> [About this exercise]: All of the lines below are to be transcribed faithfully, with pictures excluded from the copy.

[Materials provided — start]

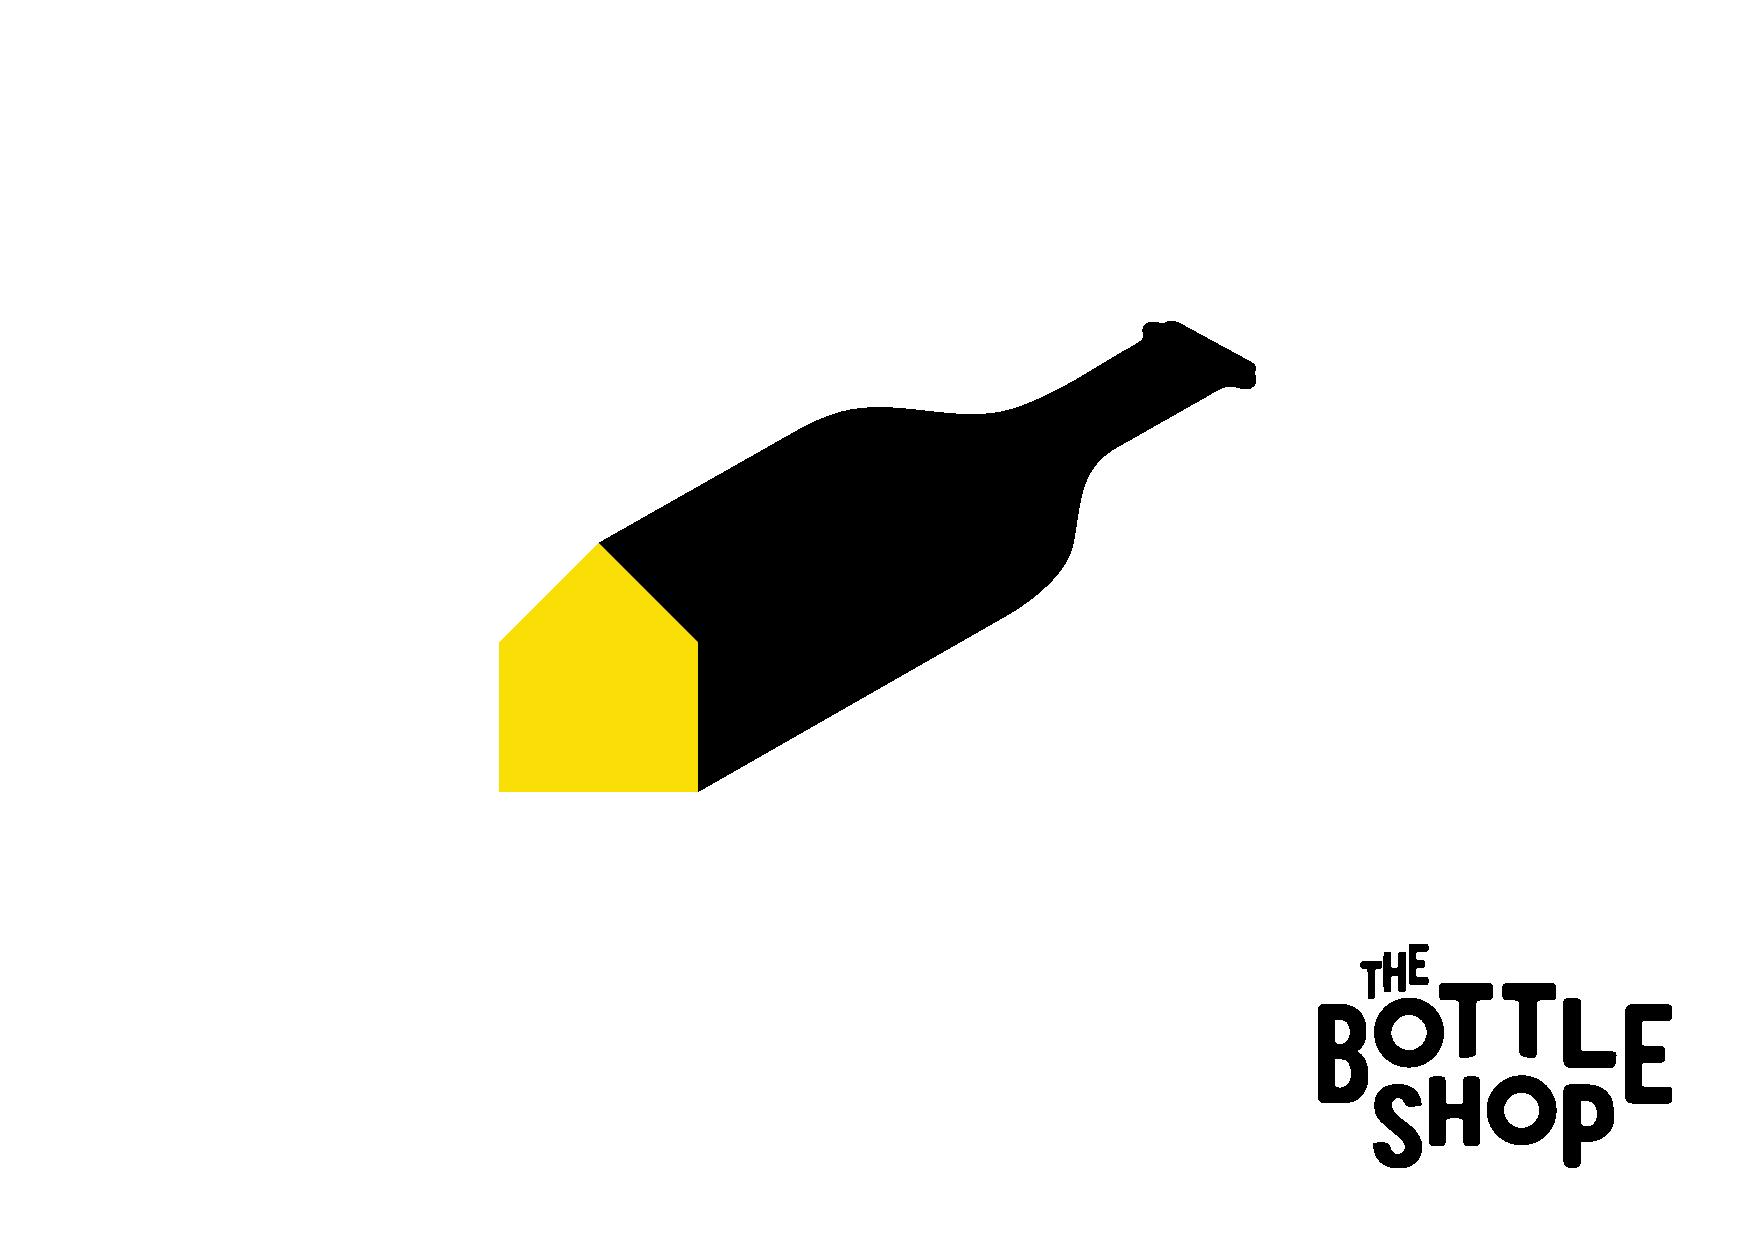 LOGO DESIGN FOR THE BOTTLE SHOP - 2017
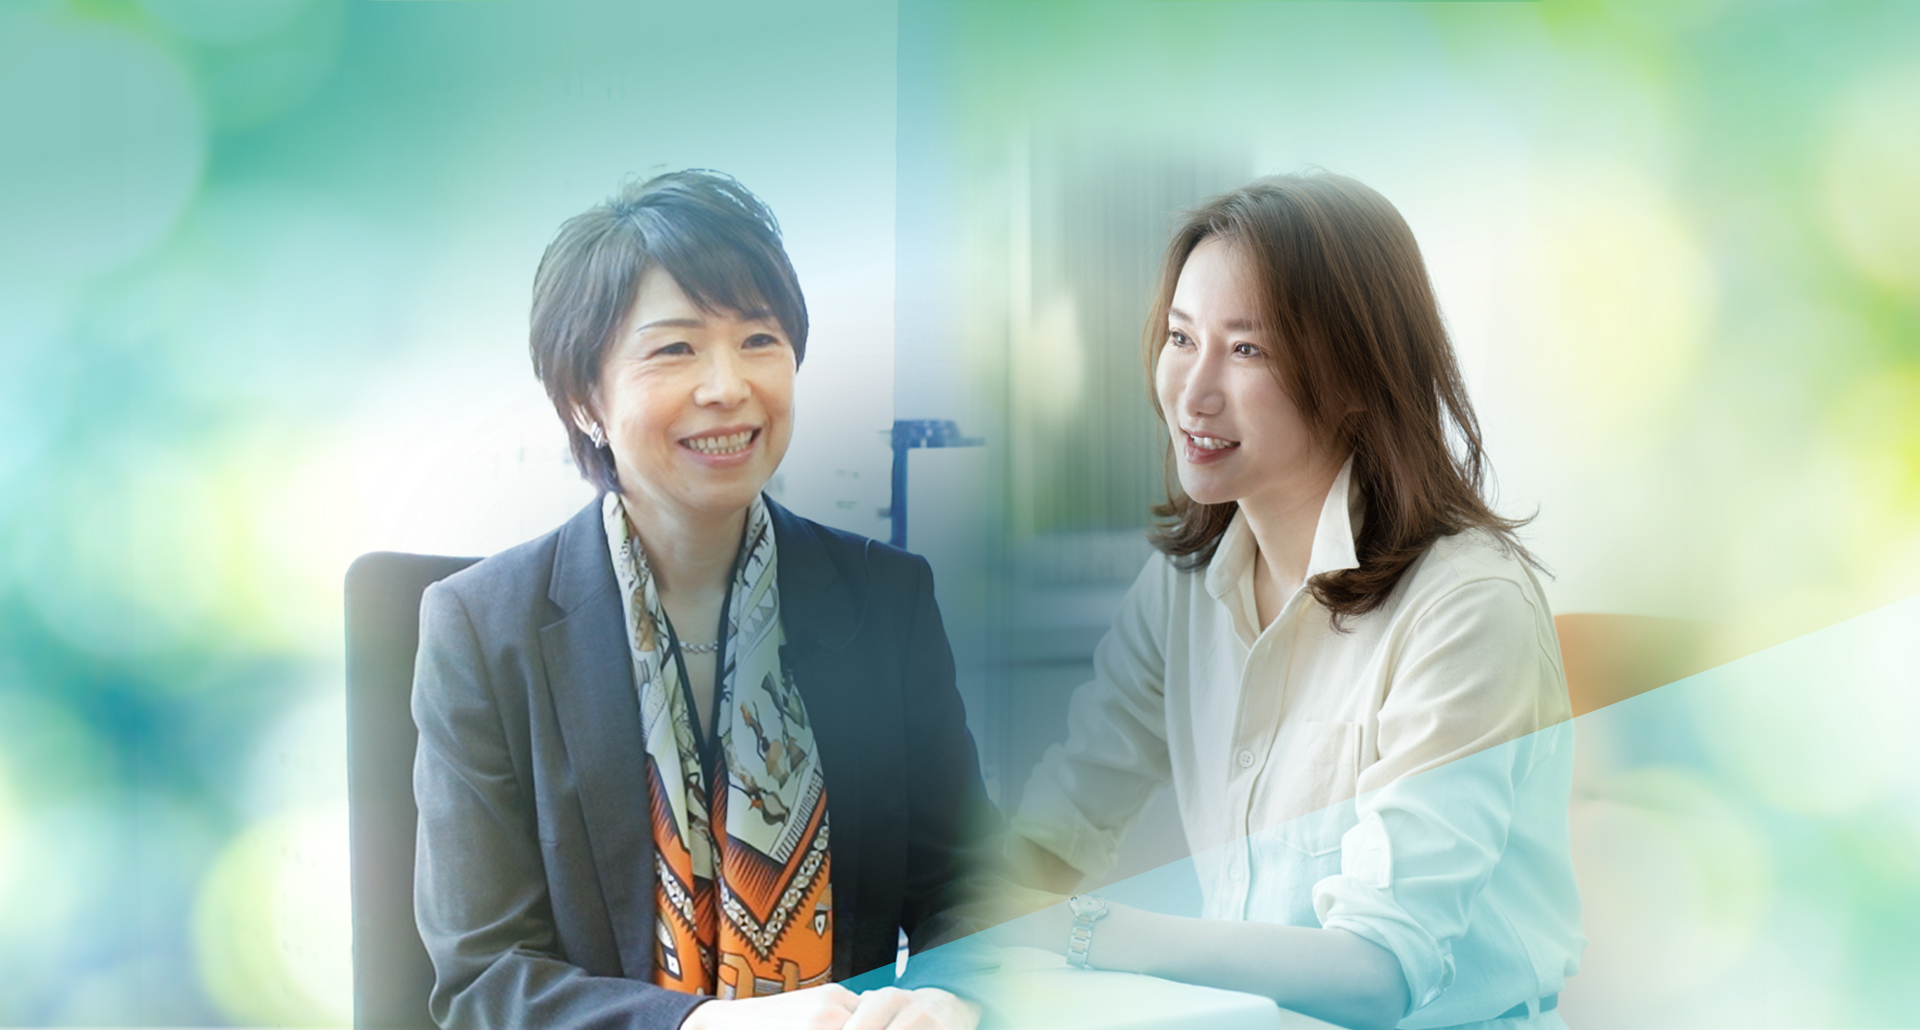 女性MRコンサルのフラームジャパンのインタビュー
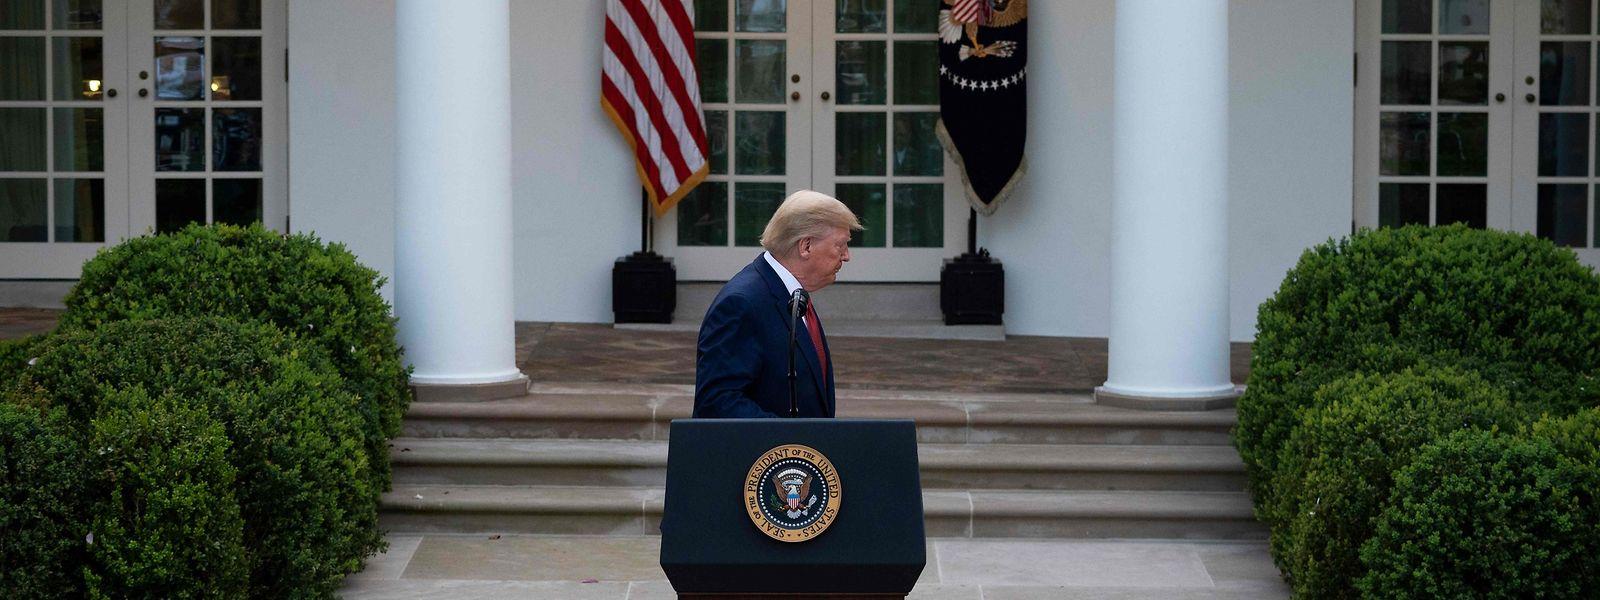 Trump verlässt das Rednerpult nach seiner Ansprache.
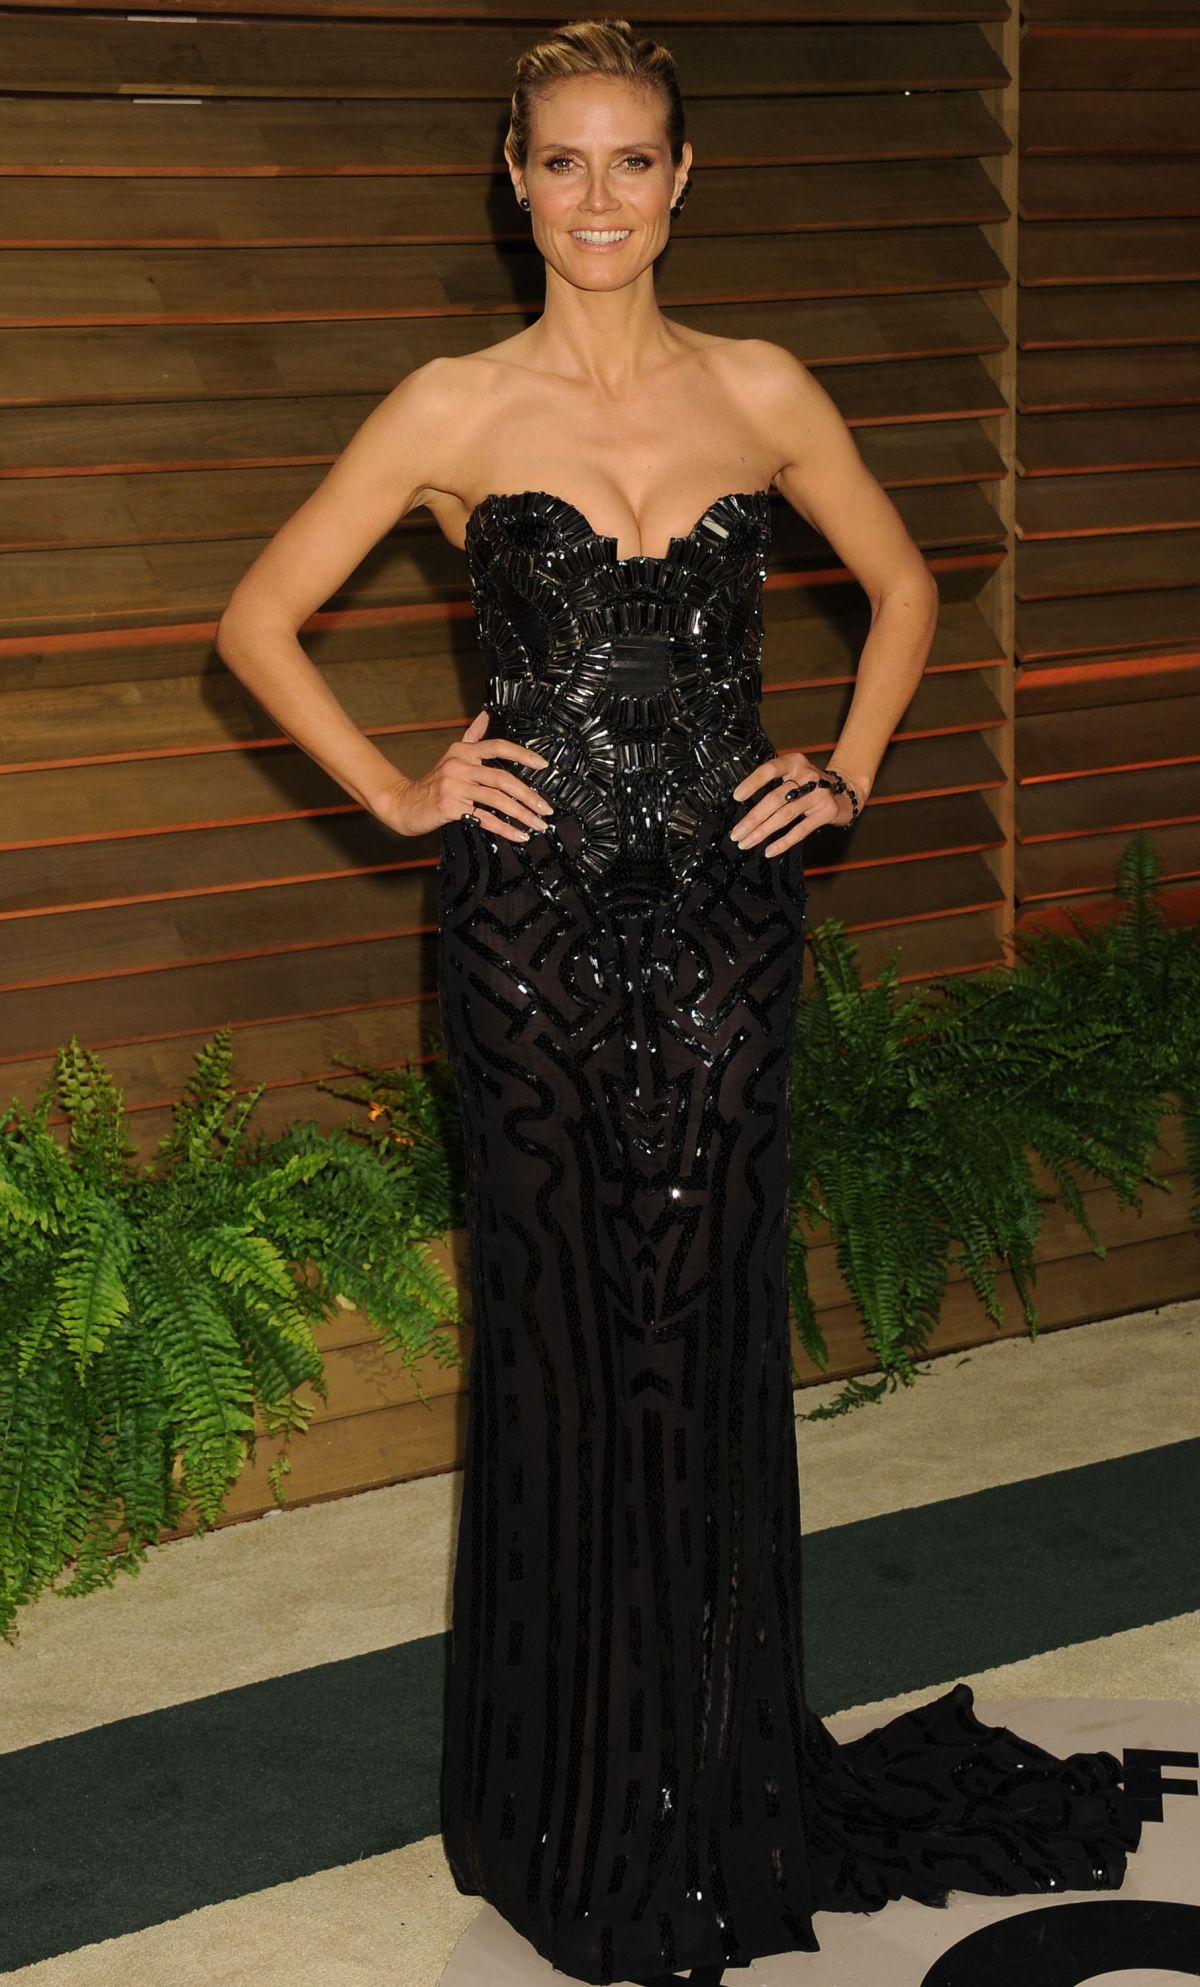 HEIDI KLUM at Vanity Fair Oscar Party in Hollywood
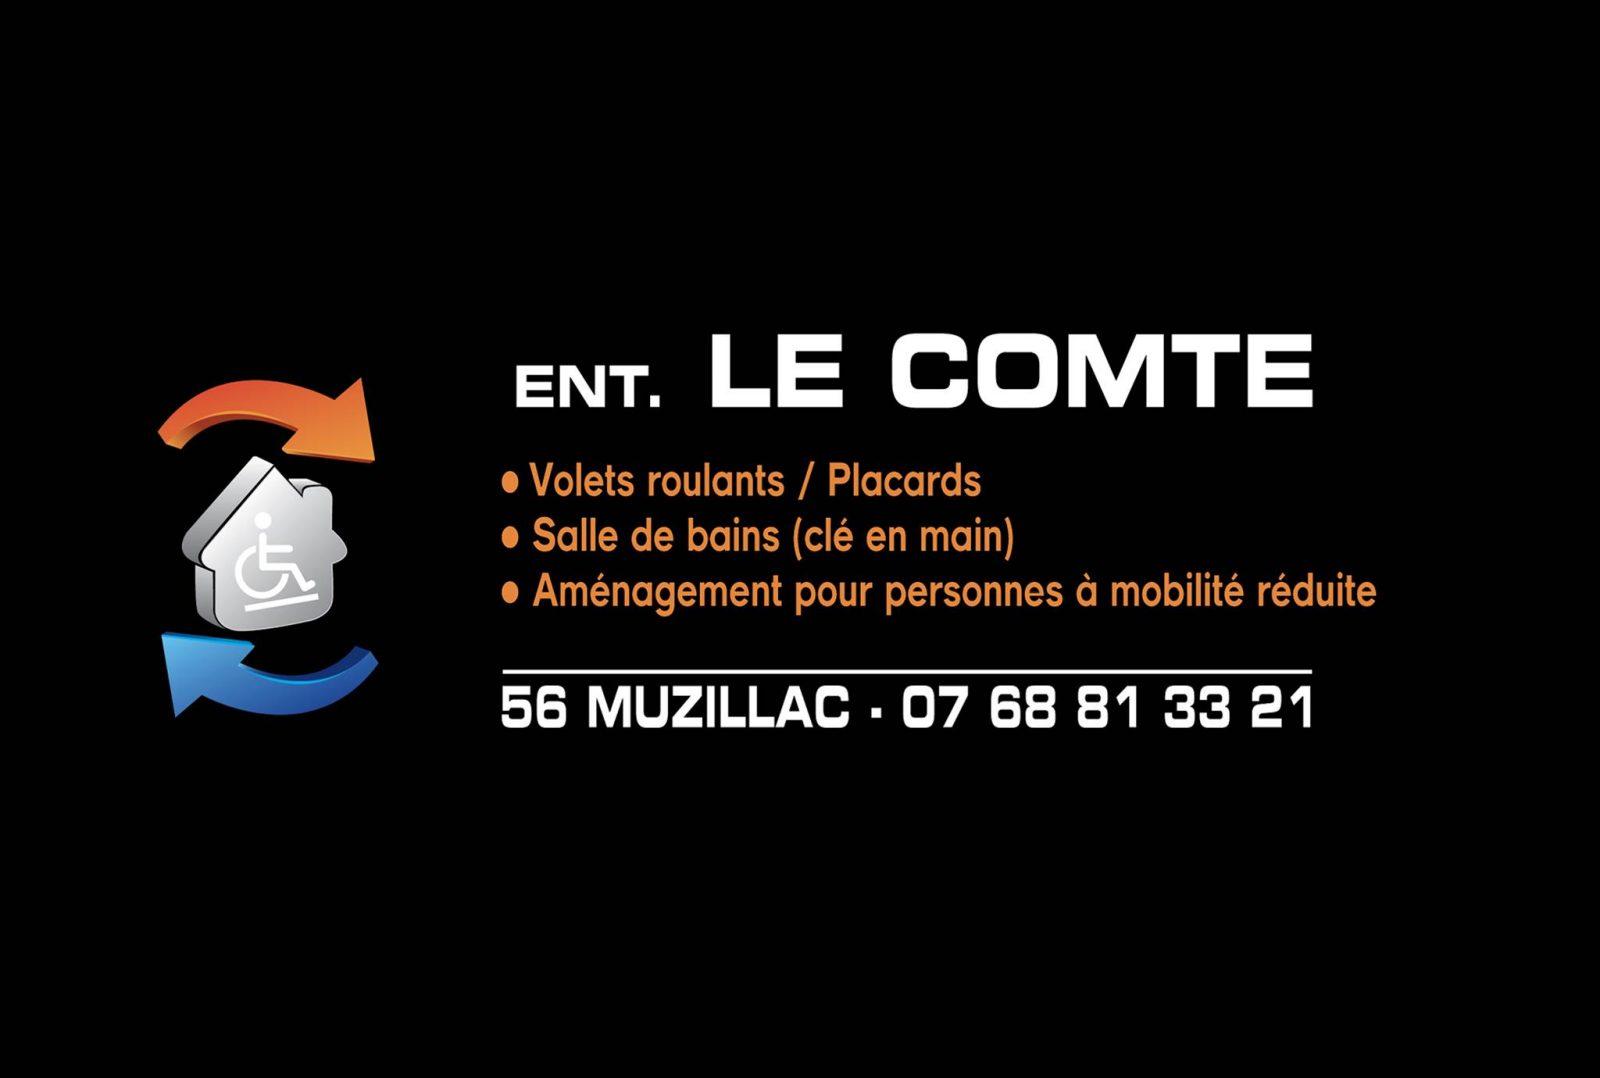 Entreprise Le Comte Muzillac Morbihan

[Materials provided — finish]

> [Output of the exercise]:
 LOGO DESIGN FOR THE BOTTLE SHOP - 2017
 女性MRコンサルのフラームジャパンのインタビュー
 Trump verlässt das Rednerpult nach seiner Ansprache.
 HEIDI KLUM at Vanity Fair Oscar Party in Hollywood
 Entreprise Le Comte Muzillac Morbihan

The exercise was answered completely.